The circular glass you see above the doorway in the above photo, slightly higher than dead center, is a stained glass rosette.
One of the informative panels on the main hallway lists the certifications this building has earned -- not just one. Click to enlarge.
The south face is used for many different plantings.

Elsewhere on campus, the venerable bridge over a vanished stream has been closed off. It's falling apart. I suppose there's no point in maintaining a bridge over nothing, but I still find it melancholy to see it wither.

On one walk downtown Bob, Cary, and I had a brief but fascinating visit at the ICON (Iowa Contemporary Art) Gallery and Bill Teeple Studio, which share the same space.
One of Bill's special talents is the drawing of small nature scenes in pencil. I do mean small:
With extreme cropping, I can present an image that will give you can idea of what he does, although all the exquisite detail is lost in this photo.
Although Bill was busy switching exhibits in the ICON Gallery, he took several minutes to show us how he uses a pencil to create entrancing scenes.
Thank you, Bill!

The other big excursion was to the site where Steve Nolle was having a Sthapatya Ved house built. Steve is on the Computer Science Faculty at MUM; I met him at least a decade ago when we were both attending various week-long retreats at MUM. Back in the day, we discovered, we both worked for Bell Labs. I was in Columbus and he was in the Chicago area.

We approached the house, which is in a "four-square" style, where each side is the same length.
The sides have plenty of windows for admitting light. Here's a closeup of the south face.
The entrance faces east, in accordance with Sthapatya Vedic principles.
The builder is known for his post-and-beam construction, but Steve convinced him to try an experiment and use a robust but typical American balloon frame. The builder did include posts in the porch design, above.

The full basement was built with insulated, poured concrete forms.
It's easy to run a conduit to the electrical outlets -- just dig a small trench in the insulating form, as you can see above (click to enlarge).
Here Steve is explaining the passive radon-venting system built into the foundation.
The roof and ceiling beams are huge.
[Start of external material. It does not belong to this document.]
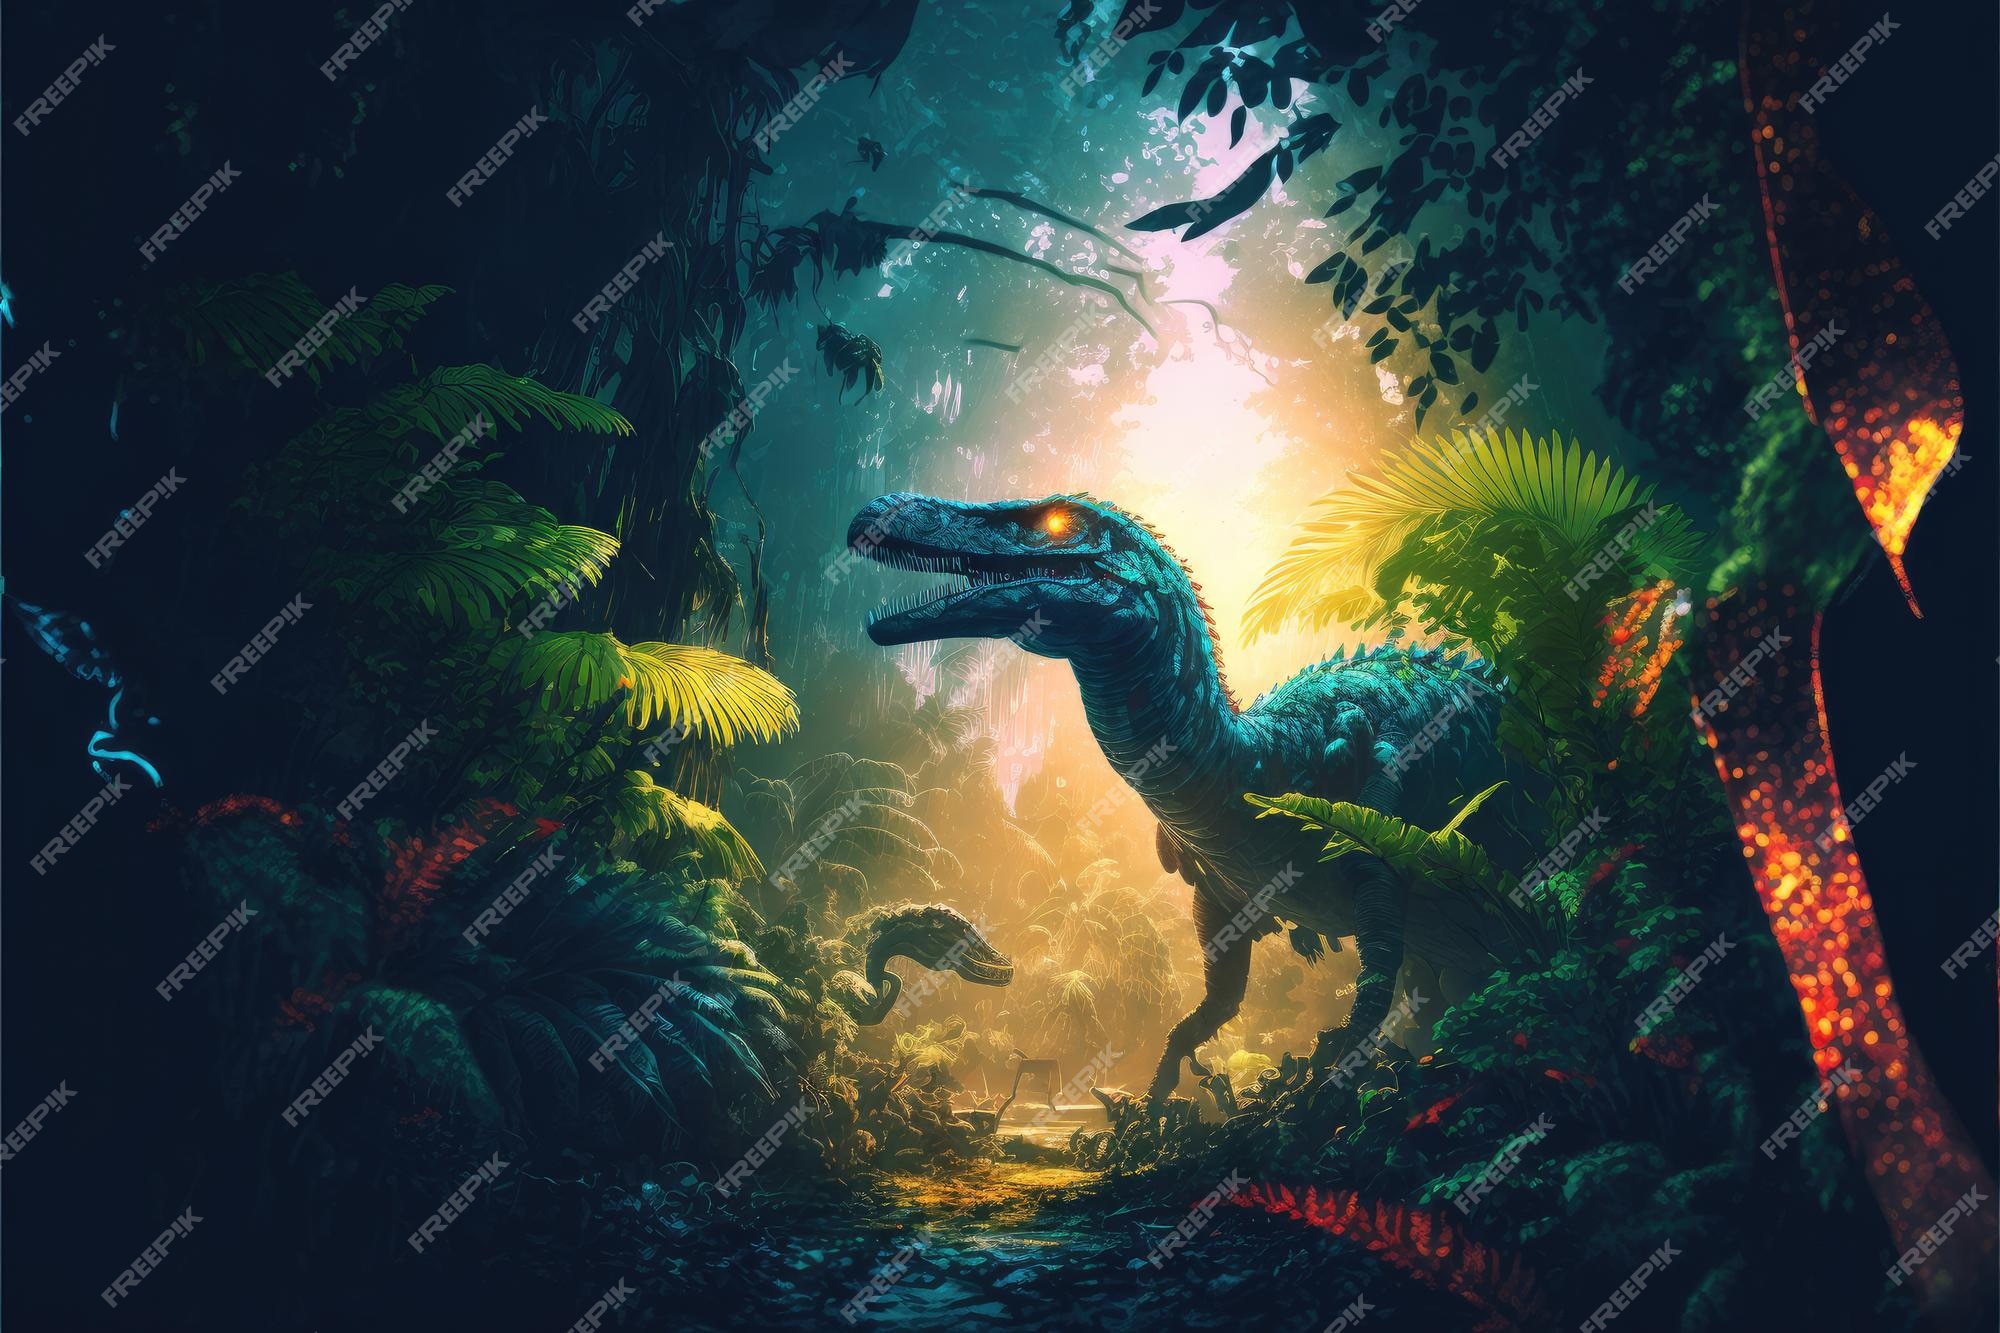 Premium Photo Fantasy In Dinosaur Or Predator The Deep Jungle

This photo doesn't do them justice.
Steve pointed out the various rooms in the interior.
This is the view through the south windows.
This is the view to the north. Beyond the fence is cattle pasture, retained by the original owner of the land.
It was intriguing to see this style of house under construction. It's more solidly built than the average American home, and has many ecologically-minded features.

For my final photo from this trip, a sunset view from North Campus Village.

The next trip will be in an entirely different direction.

Friday, April 11, 2014

Mallard Inspection

Last week we underwent a mallard inspection. That is, a pair of mallard ducks were checking out potential nesting sites in our back yard. One day Joan spotted the female sitting on the deck railing for at least fifteen minutes. Two days later, to our surprise, we saw her perched atop the shrubbery next to our deck. Mallards are usually ground nesters.
She wasn't swallowed by the yew because it's draped in black-colored deer netting, which helps protect the bush from the ravages of deer chomping, especially in winter. Click on this closeup and perhaps you can make it out.
Such an inspection is a serious, time-consuming business. This female mallard stared forward, stared towards me,
and then flew down and waddled to the bottom of the yew. She gazed up into the interior for minutes at a time, as if trying to visualize how her nest might appear from a ground-based predator's point of view.

The drake stood a few feet away, patiently waiting. Clearly the choice of nesting site was her decision, not his.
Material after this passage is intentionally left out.